Элексир князя Собакина - Ольга Лукас
Шрифт:
Интервал:
Закладка:
— Это не обсуждается, — спокойно сказал руководитель экспедиции. — Все, что мы заработали у памятника, придется отдать. И тогда перед нами встает вопрос финансирования. Путешествие может быть долгим, а нас аж четверо — будут большие расходы. Что делать?
Живой нахмурился, дернул себя за дреды. А потом запустил руку в один из своих бесчисленных карманов и эффектным жестом выложил на стол пачку зеленых купюр.
— Считать не надо. Тысяча долларов, как в аптеке. Теперь уже мы можем идти?
— Откуда у тебя? — строго спросил Савицкий.
— Благодарность шведского народа русскому поэту Пушкину.
— Ну ты даешь, студент! — почесал в затылке Бабст. — Ладно, пошли. Я готов. Минутку только подождите.
Он достал из рюкзака какую-то склянку и отлил в стоявший на столе петровский кубок зеленоватой жидкости.
— Что это? — спросил Петр Алексеевич.
— Раствор с патиной, — ответил Костя. — Я подумал: пусть эта девочка вчерашняя с соседом по душам поговорит, когда мы уедем. А мы себе еще сделаем, запас есть.
Участники экспедиции вышли на улицу.
Когда они проходили по двору, Савицкий немного отстал. Оглянувшись по сторонам, достал из сумки книгу и швырнул ее в помойку.
— Прощай, Рамакришна! — тихо сказал он.
Часть третья
Бонзайцево
Глава 14
Триста восьмой километр
На полустанке «Платформа 308 километр» электричка задержалась не дольше, чем на полминуты. Название вводило пассажиров в заблуждение: никакой платформы здесь не было, оставалось только прыгать с площадки. Петр Алексеевич быстро побросал на землю сумки, первым выпрыгнул из вагона и подал руку княжне. Следом легко соскочил Паша. Костя оказался последним: он еле успел скинуть вниз, едва не покалечив Живого, свой увесистый рюкзак, а затем нежно прижал к груди гитару и спрыгнул сам. Двери захлопнулись, и два зеленых вагончика пригородного поезда унеслись дальше — в сторону станции «Горбушки».
Прибывшие огляделись.
В утреннем тумане были видны только два здания: вблизи — покосившаяся изба в три окна с надписью «308 км», а в отдалении — водонапорная башня. Единственная колея железной дороги густо заросла травой. Было совсем тихо.

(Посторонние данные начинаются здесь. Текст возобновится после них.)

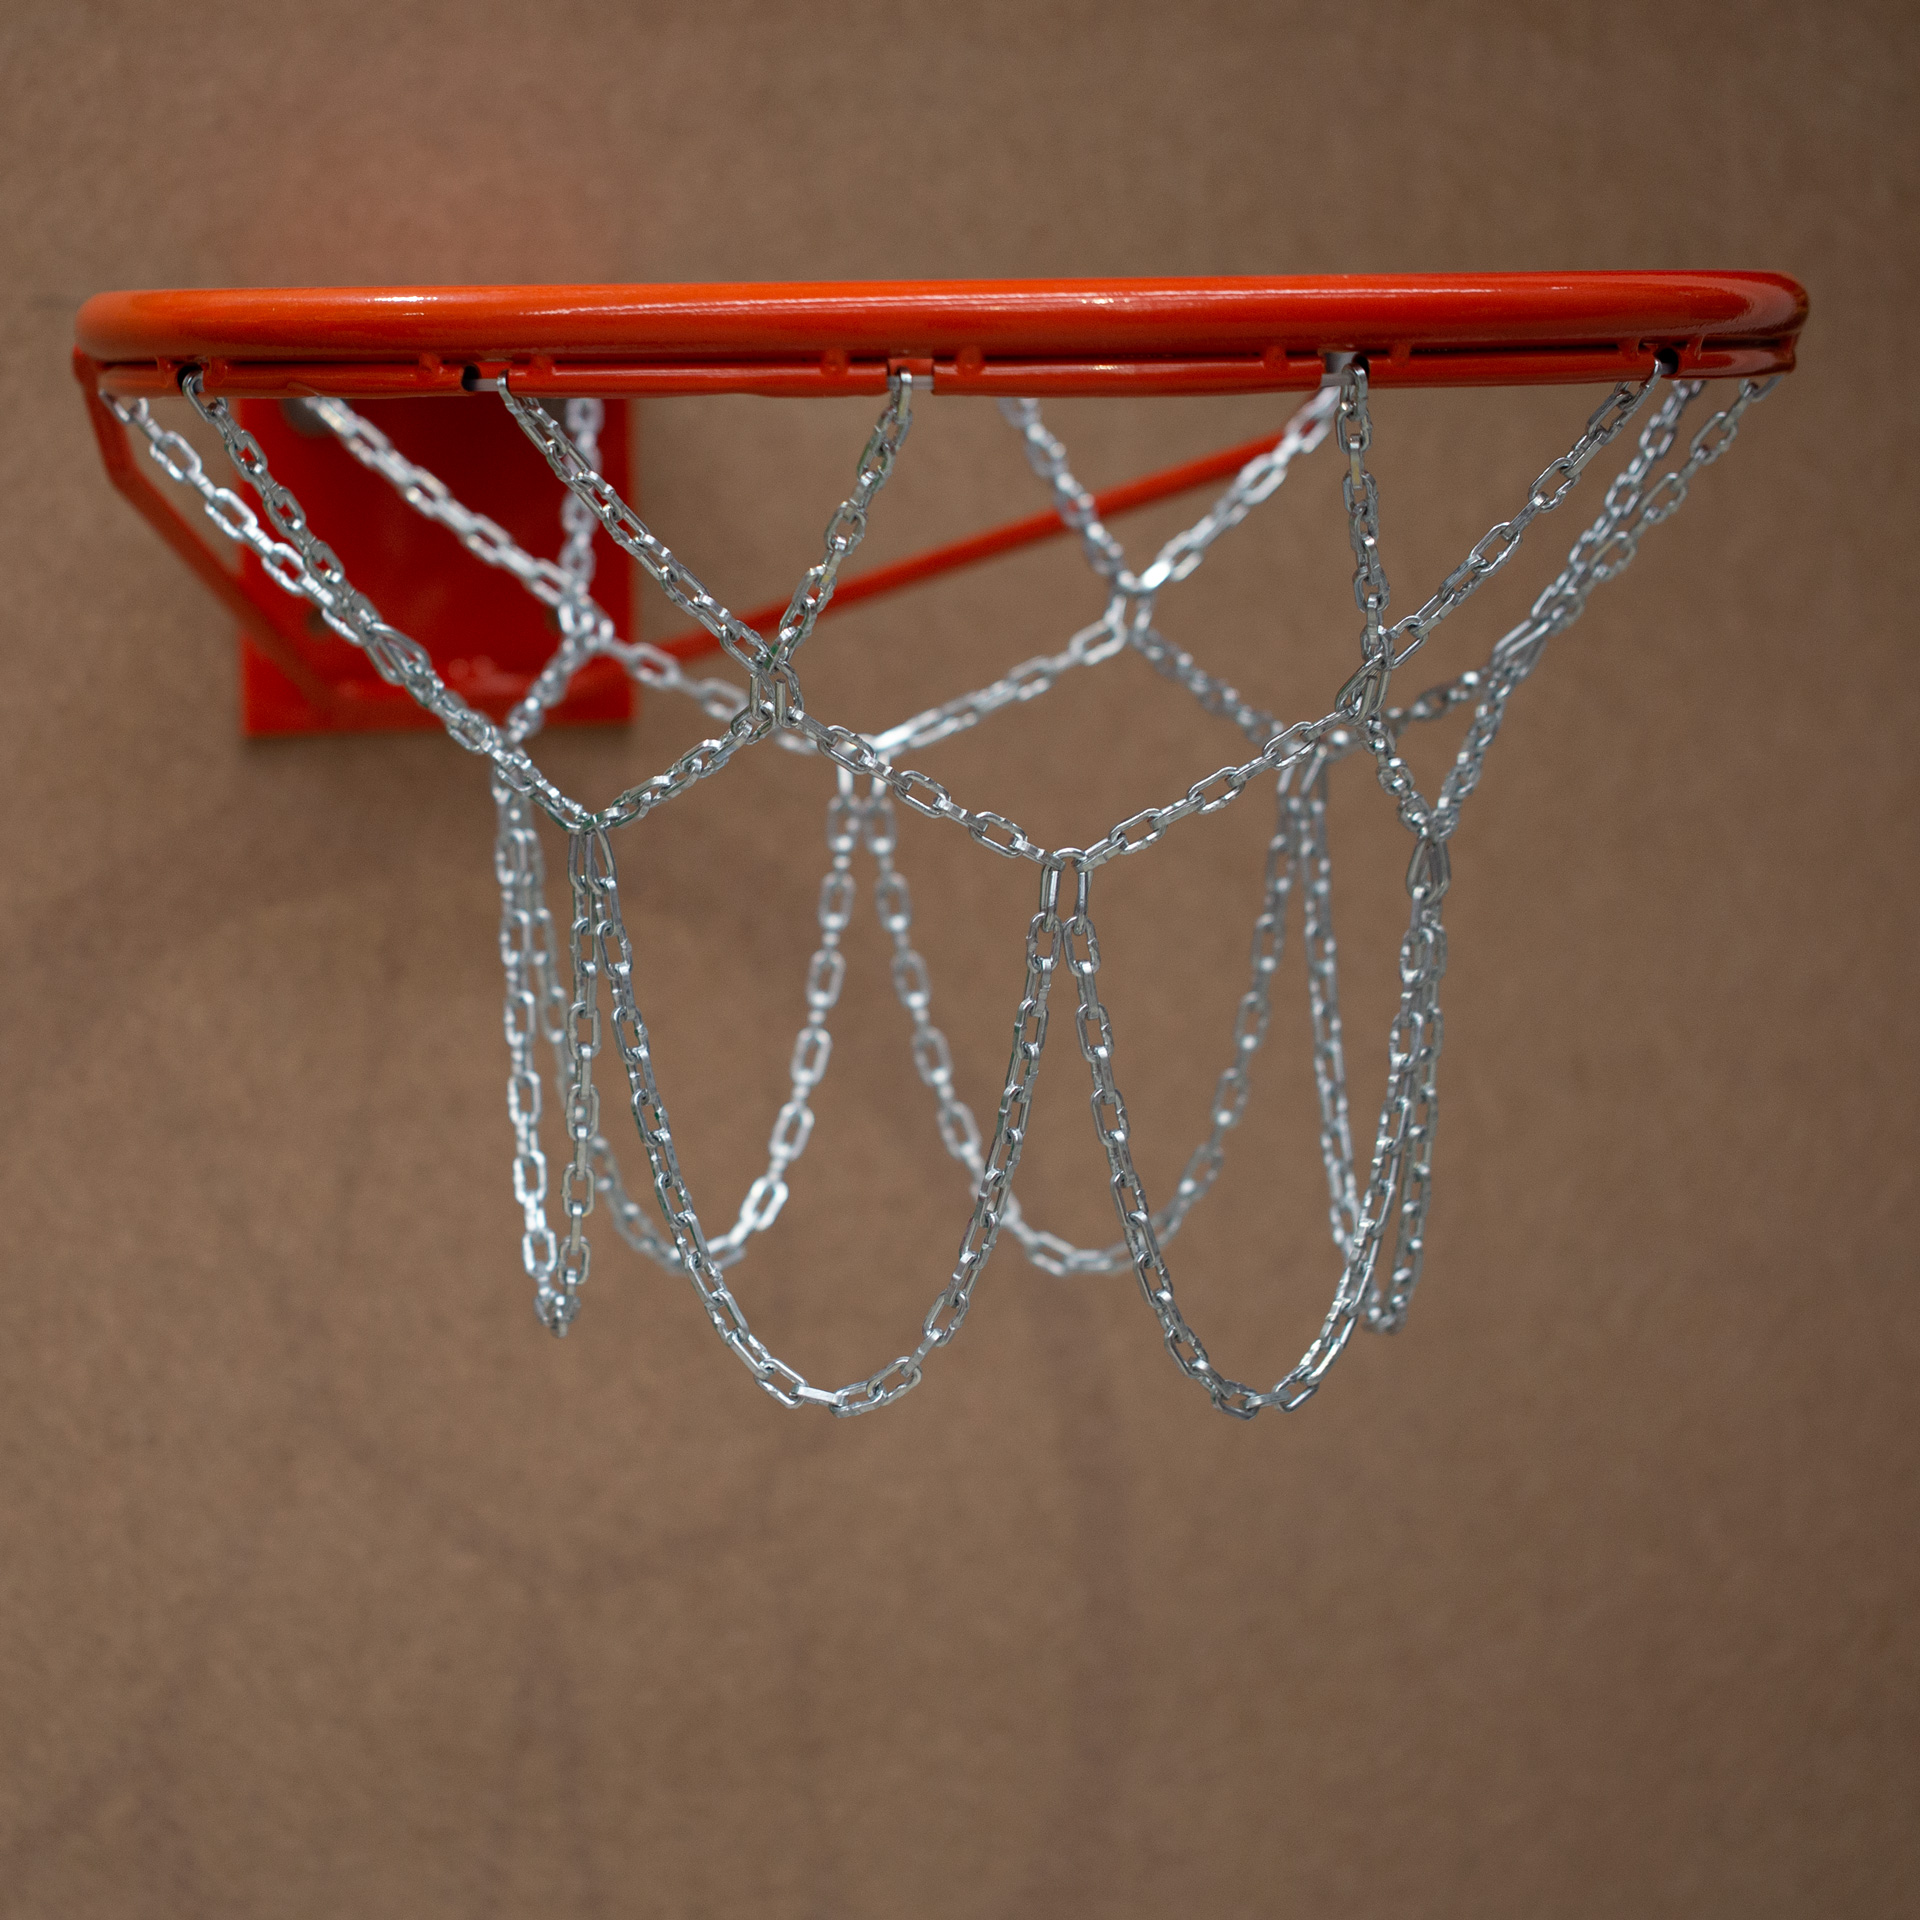 juego redes de baloncesto antivandalicas 1

— Тут кто-нибудь живет вообще? — шепотом спросил Паша.
— Собак что-то не слышно... — задумчиво сказал Бабст. — На зону похоже.
— Какую зону? — испугалась княжна.
— Из «Сталкера». Фильм такой, по Стругацким.
Вера пожала плечами: фильмов советского времени ей, по легенде, посмотреть не довелось.
— Зона, Верочка, — объяснил Савицкий, — это такое место, где исполняются желания. У тебя есть желание?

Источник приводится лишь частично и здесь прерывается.